There certainly was a sense of concern among the public after the Referendum as political events moved quickly. The Prime Minister, David Cameron, resigned before he could deliver on his promise to trigger Article 50 after a Leave vote. During the subsequent Conservative Party leadership campaign, Michael Gove and Boris Johnson fell out, meaning there was no Brexiteer figurehead to lead the country. The divisions between the two main Leave campaigns, Vote Leave and Leave.EU, continued. However, concern about a leadership vacuum should not be seen as regret for voting to leave the EU and take back control of our borders, laws and substantial sums of money.

The belief of Remoaners like Nick Clegg and Tony Blair in the ‘Bregret’ phenomenon, reflects their desire for a re-run of the Referendum and a reversal of Brexit. In the months after the Referendum, polling companies were able to test this idea of ‘Bregret’, and largely found it to be a myth. YouGov’s regular EuroTrack poll asks about voting intentions in an EU Referendum and found similar results to before the referendum: about equal support for Remain and Leave, with perhaps a slight advantage to Leave. The same company’s “Do you think Britain was right to vote to Leave” tracker poll likewise found equal proportions for “Right” and “Wrong”.

Perhaps a more pertinent question for policy decisions today, and the Remoaner agitations for a second Referendum, is whether the public want the Government to press ahead with Brexit plans, regardless of their vote in 2016. Polls on this subject reveal a large majority of voters respect the Referendum result and want politicians to get on with Brexit. A September poll from YouGov revealed a split in the Remainer chunk of the electorate between “Hard Remainers” (only 27% of all voters) who want to reverse the Referendum result and “Re-Leavers” (17%) who want the result implemented. This gives an overall majority of 62% who want the Government to deliver Brexit.

Not only do these “Re-Leavers” want to uphold democracy, but many may have been swayed to the cause of Brexit by the intransigence of the EU in the negotiations, the upcoming development of an EU army via PESCO and the strong performance of the British economy since the vote. This is, of course, in stark contrast to the Project Fear lies of the Remain campaign prior to the Referendum.

We can also examine the type of Brexit favoured by most voters, according to the surveys. Anna Soubry MP and other Remoaners have suggested keeping the UK closely attached to the EU via membership of the Single Market and Customs Union. This would not be a real Brexit, as we would still be subject to payments to the EU, freedom of movement and EU regulations. As Jacob Rees-Mogg MP has said, this would prevent us achieving the benefits of Brexit, such as free trade deals with countries around the world.

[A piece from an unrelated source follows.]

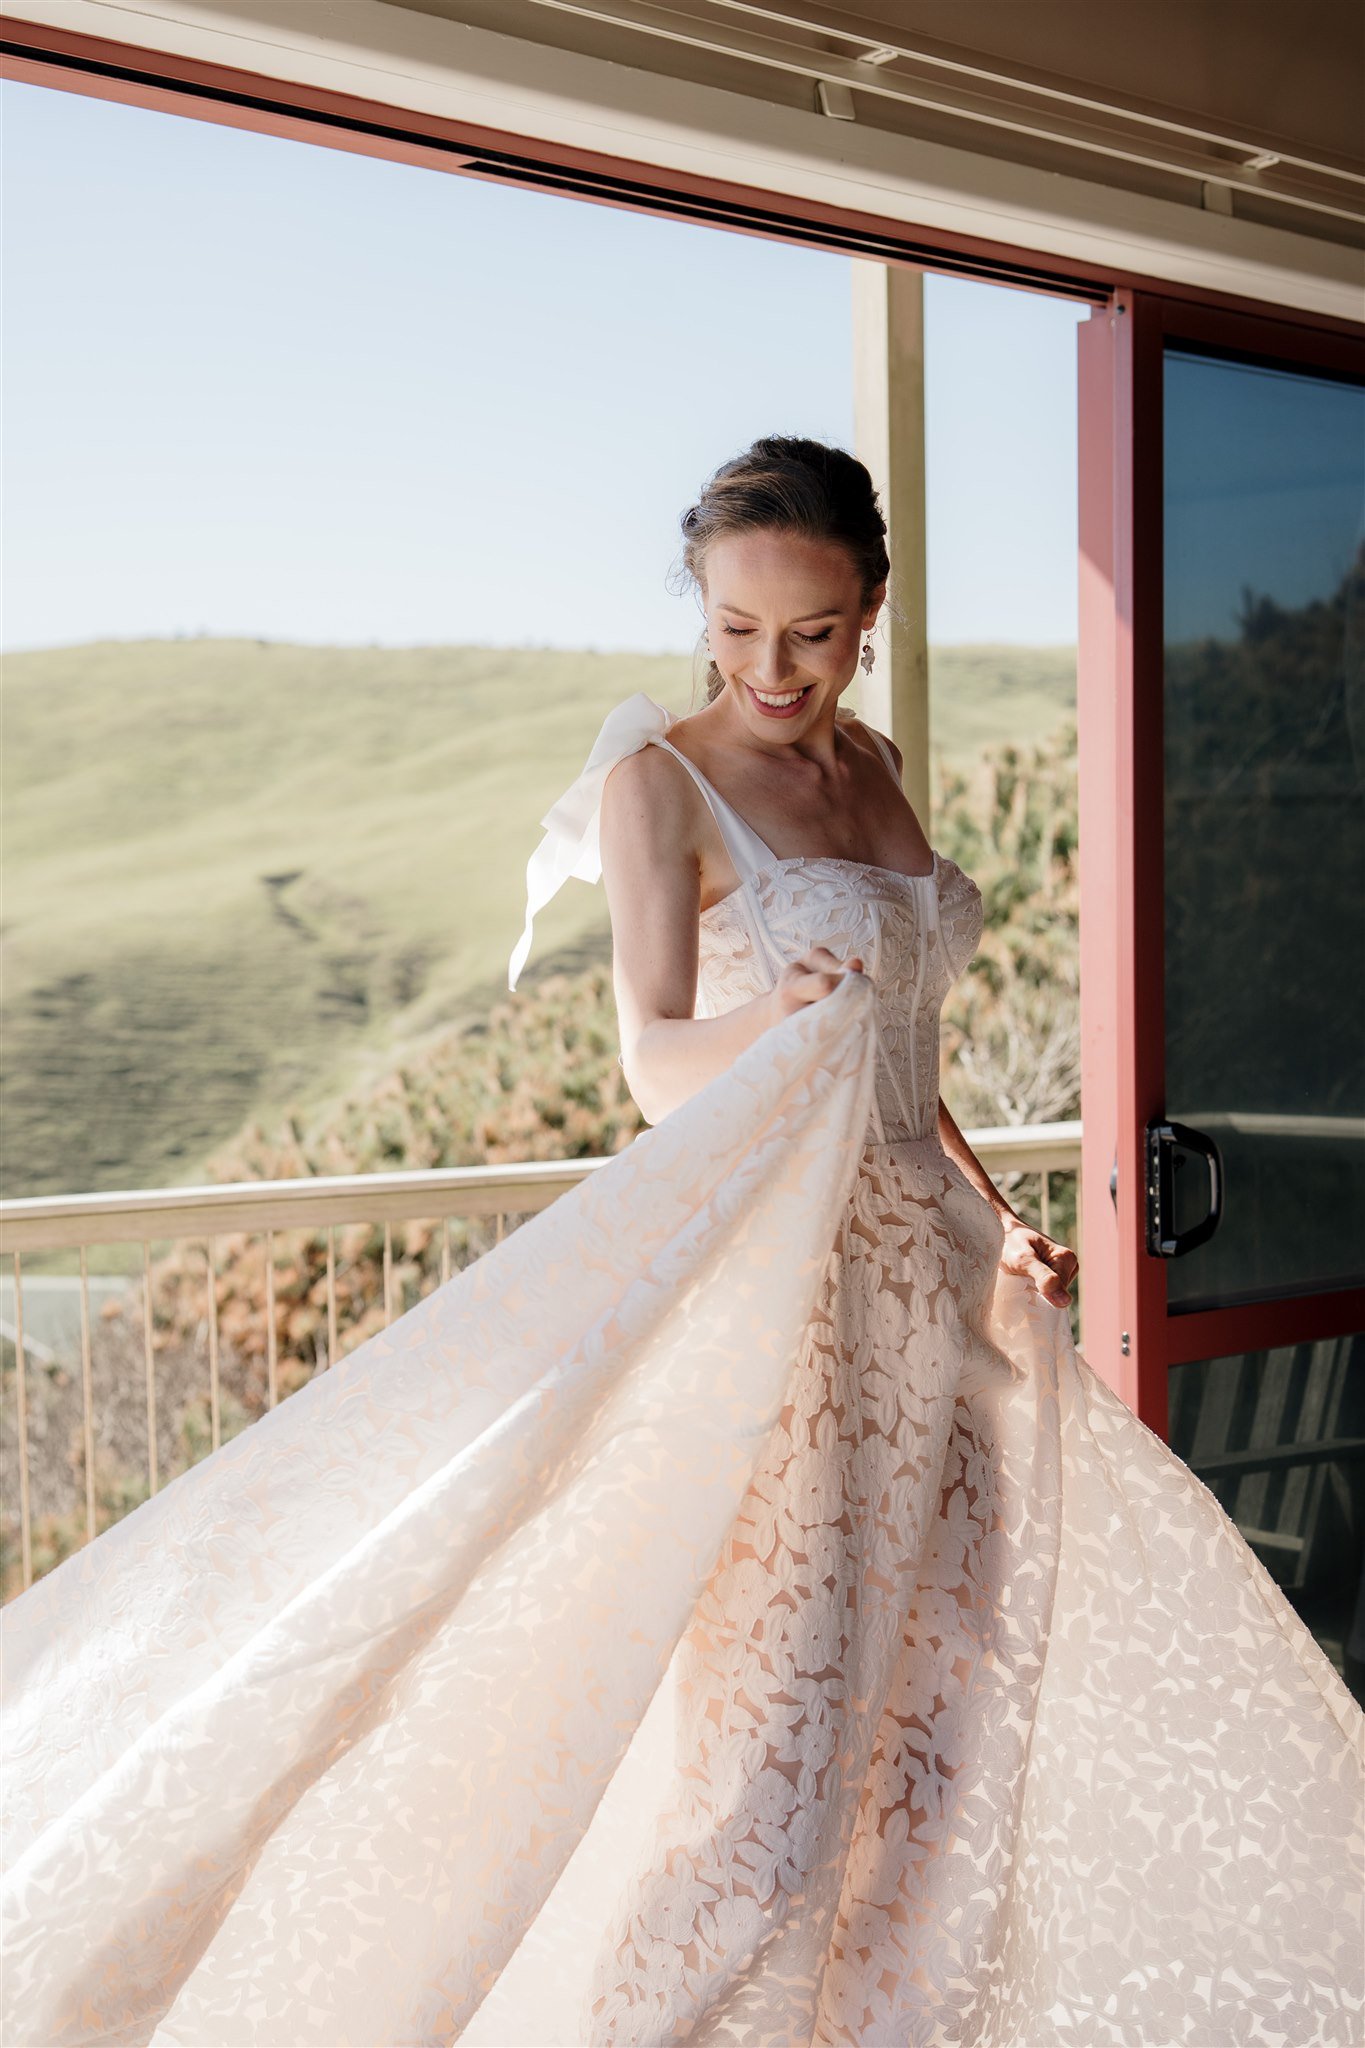 castaways-NZ-new-zealand-auckland-wedding-photographer-photography-videography-film-dear-white-productions-best-venue-waiuku-engagement-elopement-style-beach-intimate-miss-chloe-gown-dress (3).jpg

But is this proposal popular among voters? No, according to several polls. On 10th April, Lord Ashcroft reported 42% of respondents seeing control of migration as more important than access to the Single Market (34%). An Opinium poll of 4th April found large majorities of Leave voters believing Brexit would not be worthwhile without ending the jurisdiction of the EU (62%), ending financial contributions to the EU budget (62%) and reducing immigration (54%). Indeed, there are widespread concerns, across Remain and Leave voters, about the effect of cheap labour on the low-paid and the ability of public services to cope with current levels. According to research from NatCen in March this year, two thirds of all voters want new controls on EU immigration.

What about the Government’s mantra of “No Deal is better than a Bad Deal”, much criticised by the Labour leadership? Sky Data’s survey in October finds almost three quarters of the Great British Public are in agreement with the Government on this. It seems the average voter, unlike the Labour party, understands this is an important principle in any negotiation.

It is clear from polling data that while voters’ opinions on the merits of Remain and Leave has been largely unchanged since the Referendum, a large majority of the electorate want the Government to get on with Brexit. There is a clear wish to regain control of immigration and Freedom of Movement, and therefore the necessity of leaving the Single Market. The Government must not waver from its mission to Get Britain Out, and must reject calls for another Referendum.